11.11.2014, 12:00 Uhr
Heidenheim ehrt jüdischen Gelehrten

© Dressler

Wie mehrfach berichtet, heißt ein Teil der Straße „Im Moos“ nun „Wolf-Heidenheim-Gasse“. Dieser Weg führte früher von der Synagoge (auf dem heutigen Parkplatz des Kreditinstituts) zum nicht weit entfernten jüdischen Schulhaus. Der Namensgeber Wolf Heidenheim (1757-1832) war ein bedeutender jüdischer Gelehrter. Er stammte aus dem Ort im Hahnenkamm, gründete in Rödelheim bei Frankfurt eine Buchdruckerei und wirkte dort viele Jahre. Eines seiner bedeutenden Werke war ein Gebetbuch für jüdische Festtage. Viele seiner Schriften wurden nicht veröffentlicht. Die meisten seiner Manuskripte befinden sich heute in einer Bücherei im englischen Oxford.

Gerhard Kühnel, Vorsitzender der Wolf-Heidenheim-Gesellschaft, erinnerte an die 1854 eingeweihte Heidenheimer Synagoge, die zahlenmäßig recht große Judengemeinde, die zunehmende Überwachung und Schikanierung ab 1933, was in die Ausschreitungen am 9. November 1938 mündete. Vor 76 Jahren seien die jüdischen Bürger von Heidenheim vertrieben und die Synagoge geplündert und niedergebrannt worden. Die Ausschreitungen hätten zwei bis drei Tage gedauert. Danach habe die SA melden können, dass Heidenheim nun „judenfrei“ sei. Lothar Martin, ein Überlebender der NS-Zeit, berichtete Gerhard Kühnel 2011 in Tel Aviv, dass er als Schulkind schon vor 1938 Misshandlungen in Heidenheim erlebte.

Das in jener Zeit zutage getretene Ausmaß an Unmenschlichkeit erscheine heutzutage geradezu unvorstellbar. Viele Heidenheimer hätten bei den Untaten vor 76 Jahren mitgemacht, sei es aus ideologischer Überzeugung, sei es als Mitläufer. Nur wenige hätten Solidarität mit den Juden bewiesen, betonte Kühnel. Als eines der Ziele der Wolf-Heidenheim-Stiftung nannte er, eine Gedenkstätte für Wolf Heidenheim in der alten jüdischen Schule einzurichten. Die Gesellschaft wende sich im Übrigen gegen Diskriminierung jeder Art.

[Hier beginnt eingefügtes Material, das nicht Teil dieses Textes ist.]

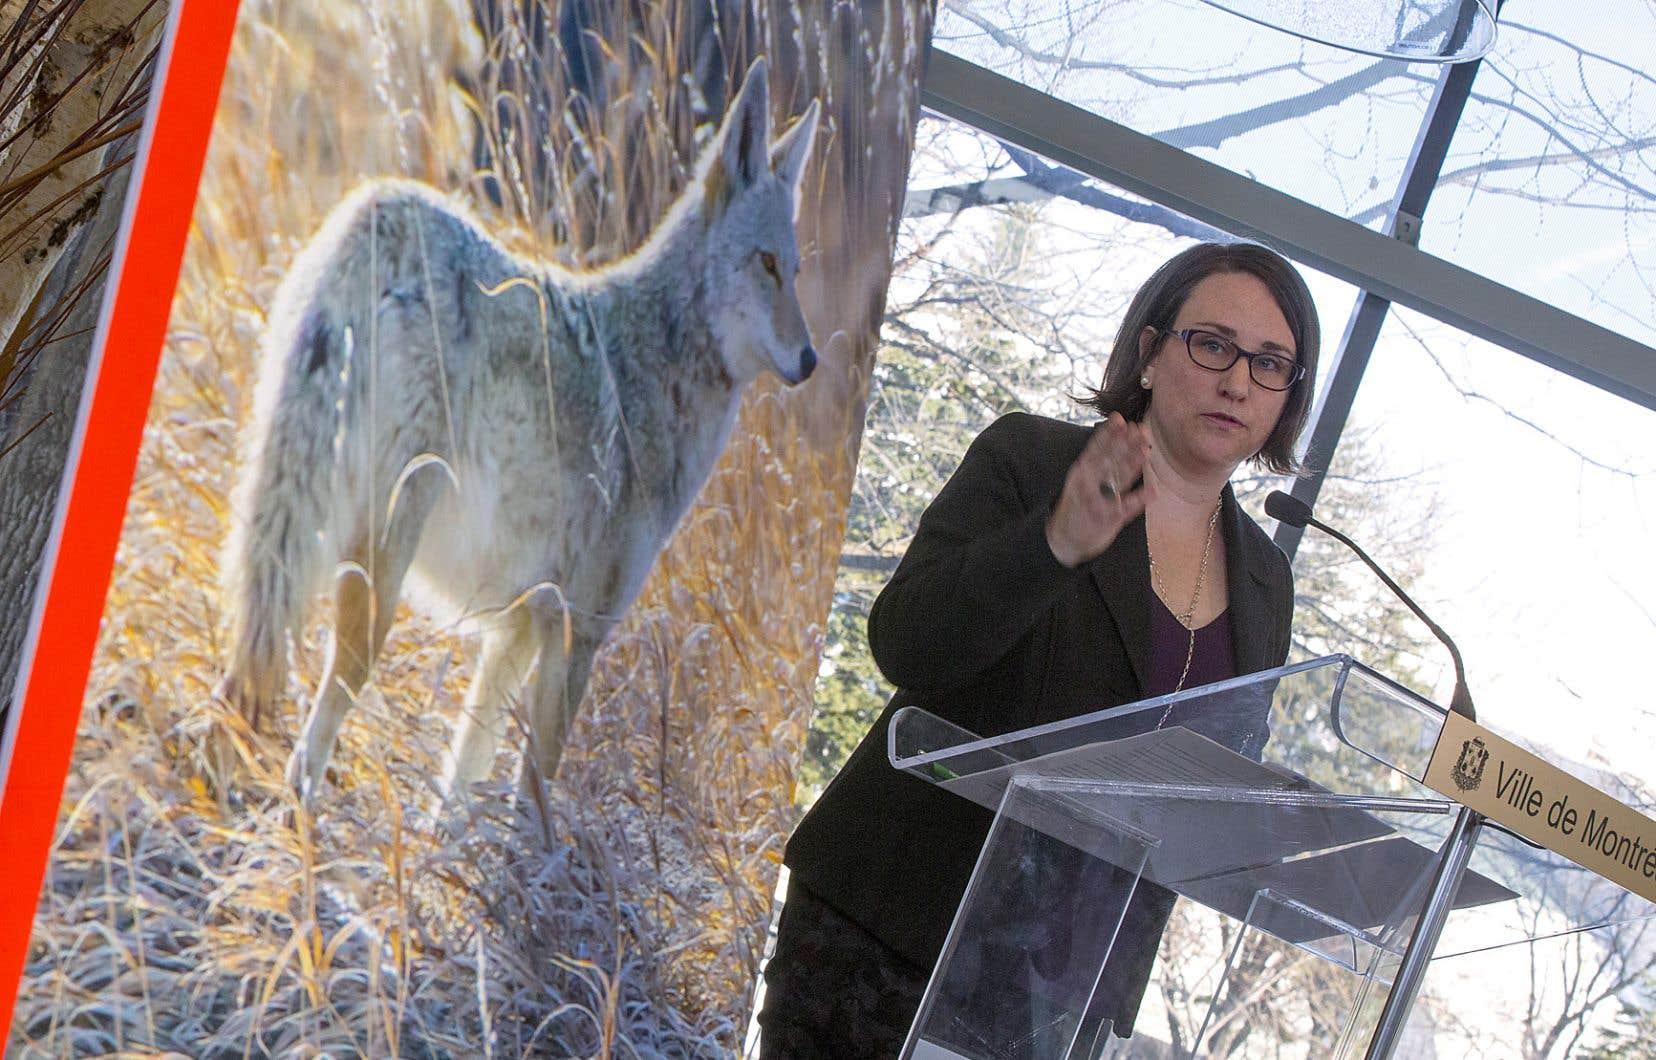 Émilie Thuillier, la mairesse d'Ahuntsic-Cartierville, a présenté lundi «le premier plan de gestion de la présence du coyote en milieu urbain à voir le jour au Québec». Quelques incidents impliquant des coyotes ont eu lieu en 2017 et en 2018 dans son arrondissement.

Stellvertretender Landrat Robert Westphal stellte in seine Rede das Leiden der verfolgten Menschen in den Mittelpunkt. Die Juden in ganz Deutschland und eben auch in Heidenheim seien mit Ausgrenzung, Misshandlung, Vertreibung und später dann auch mit den Mordabsichten konfrontiert worden. Dass der Gemeinderat für die Straßenumbenennung stimmte, sah Westphal als Zeichen des Gedenkens und eine Geste an die Opfer und ihre Nachkommen. Straßen und ihre Namen seien Orientierungshilfen. Wer aufrichtig mit der Vergangenheit umgehen wolle, der dürfe nichts verdrängen und nichts beschönigen. Vor diesem Hintergrund sei es leichter und überzeugender, für Frieden, Freiheit und Selbstbestimmung einzutreten.

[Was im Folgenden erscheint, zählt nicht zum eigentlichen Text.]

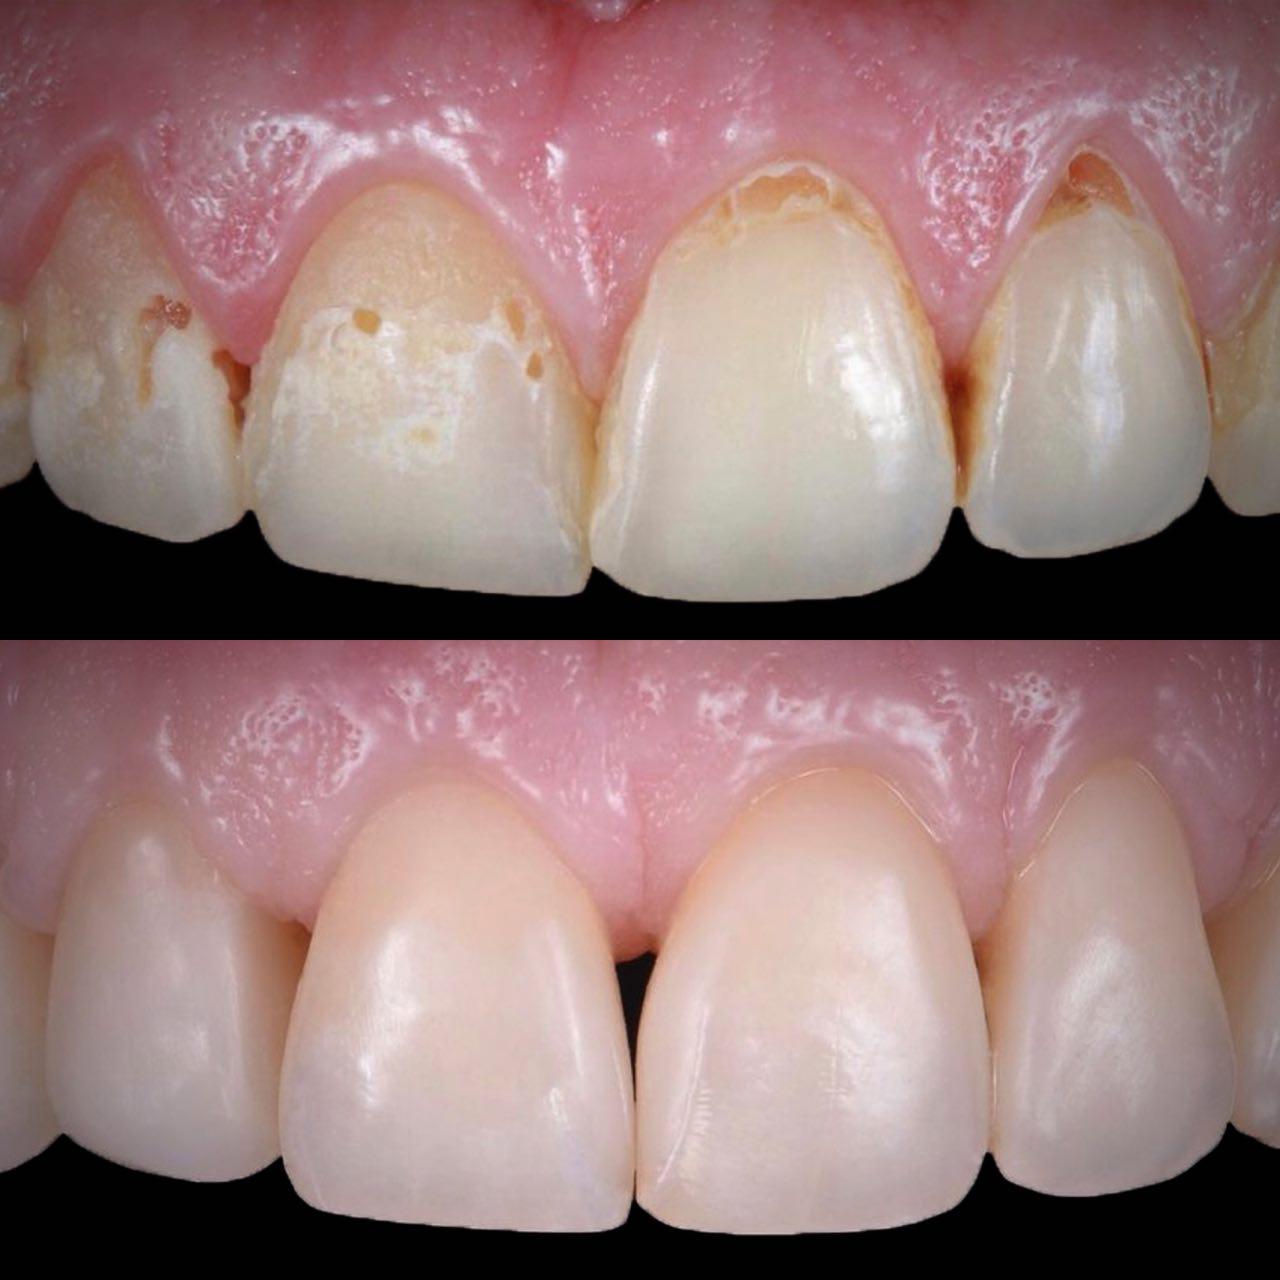 IMG EA28C0AD23FD 4 - Художня реставрація зубів

Bürgermeister Susanne Feller-Köhnlein bezeichnete Wolf Heidenheim als einen bedeutenden Sohn Heidenheims. Doch die jetzige Zusammenkunft habe keinen erfreulichen Grund, da der Blick auf die Pogromnacht vom 9. November 1938, auf die Opfer von organisierter Verfolgung, Zerstörung und von Mord gerichtet sein müsse.

Sechs Neuntklässler der Hahnenkammschule wiesen mit Plakaten und Worten auf die Geschichte der jüdischen Gemeinde, auf die Synagoge, auf die Schule und auf das Wirken von Wolf Heidenheim hin. Die Gruppe der Heidenheimer Juden umfasste in ihrer Hoch-Zeit, Mitte des 19. Jahrhunderts, über 120 Personen. Im August 1938, vor der sogenannten „Reichskristallnacht“, waren es noch sechs. Begraben wurden die Heidenheimer Juden auf dem zentralen jüdischen Friedhof in Bechhofen.

Indem sie die Namen der 32 Holocaust-Opfer vortrugen, entrissen die Schüler diese Menschen dem Vergessen. Es ist eben ein Unterschied, ob man allgemein von Verfolgung spricht, oder ob man hört, wer ermordet wurde, als verschollen gilt oder sich in völliger Verzweiflung selbst das Leben nahm.
Die Gedenkstunde an der Wolf-Heidenheim-Gasse wurde vom Posaunenchor musikalisch umrahmt.